Él era un hombre de partido, sin duda.
Nadie a estas alturas podía aportar una sola prueba de falta de lealtad. Tan solo en un par de ocasiones había errado el sentido de su voto, y fueron decisiones menores, que no habían tenido ninguna consecuencia negativa ni para el grupo ni para su línea política. Había entrado en la órbita del partido en su época universitaria y se ganó los primeros galones organizando varios escraches a las puertas del paraninfo. Luego había sido becario de la alcaldesa dos años, durante los cuales demostró su versatilidad: lo mismo redactaba discursos que lanzaba mensajes impactantes a través de las redes sociales del partido y de su particular colección de cuentas troll.
Solo después de muchos años de salarios indignos y trabajos aún más indignos logró un puesto improbable en la lista para las autonómicas. Sorpresivamente, pasó de comparsa a protagonista de la campaña a través de sus ataques furibundos contra el candidato favorito. No dudo en mentir, incluso en recurrir a fotos descaradamente retocadas con photoshop, para lanzar mensajes inmisericordes. Nada de lo que dijo pudo nunca ser demostrado, pero el partido logró un gran resultado en aquellas elecciones y él mismo entró en el Parlamento regional.
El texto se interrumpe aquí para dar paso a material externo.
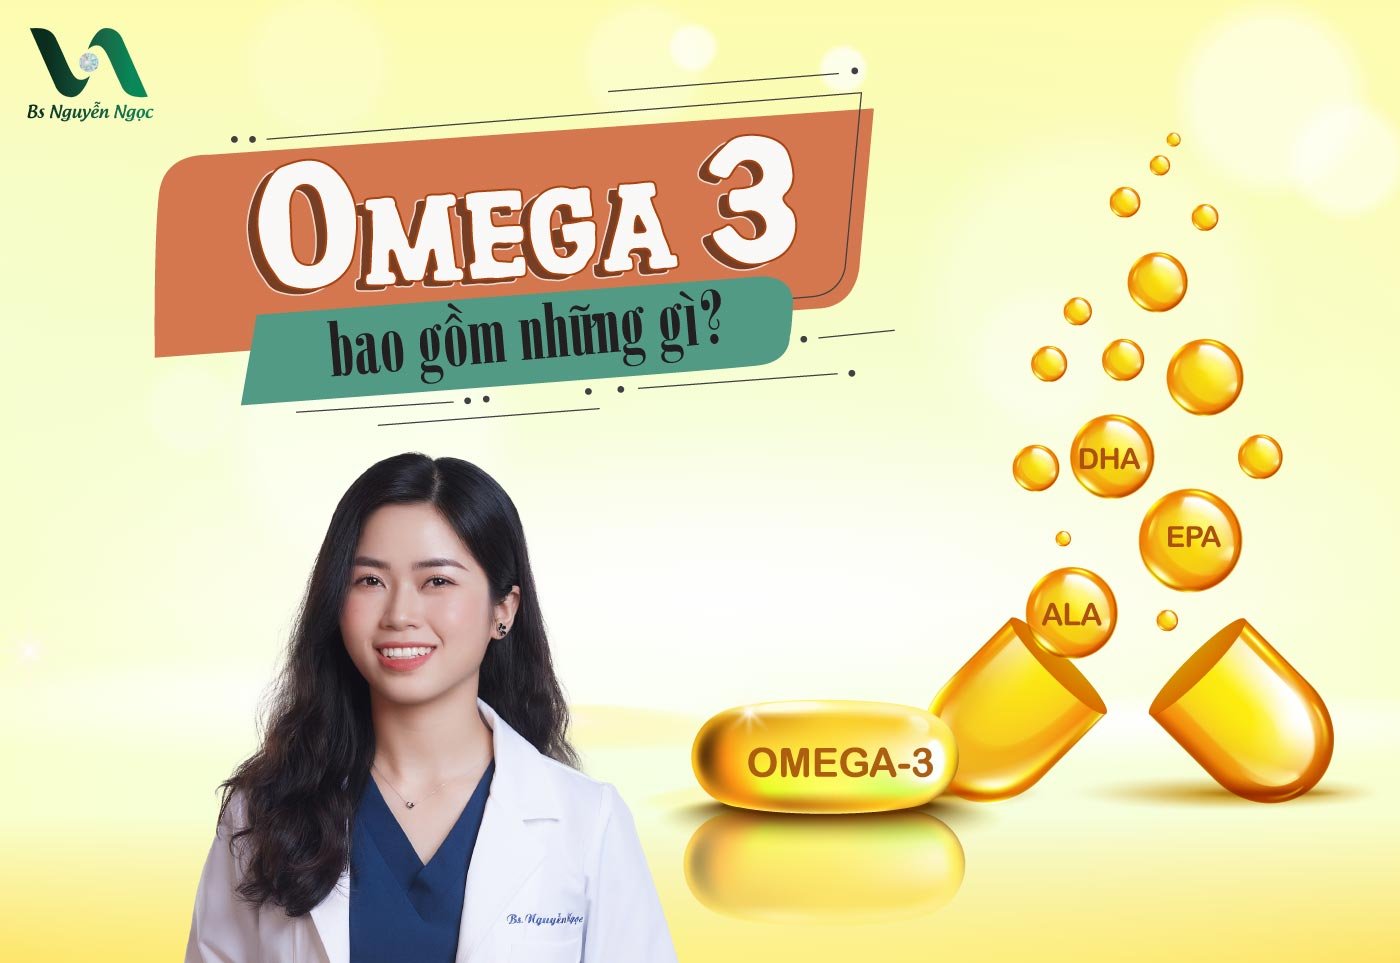 Omega 3 bao gồm những gì?

Y ahora le daban la espalda. Lo notó de inmediato: los halagos eran demasiado generales y demasiado obvios. Justo cuando él apostaba por dar el salto a Madrid y convertirse en un fiel parlamentario nacional. Hizo algunas llamadas, contrató a un estilista especializado, compró tiempo en un par de granjas de móviles, se abrió una cuenta de Tik-Tok, puso toda su imaginación a trabajar buscando argumentos para destrozar a los suyos y luego presentó su candidatura a las primarias para las generales.
Todos pensaron que era un movimiento a la desesperada, pero él estaba seguro de haber dado el primer paso hacia la Moncloa.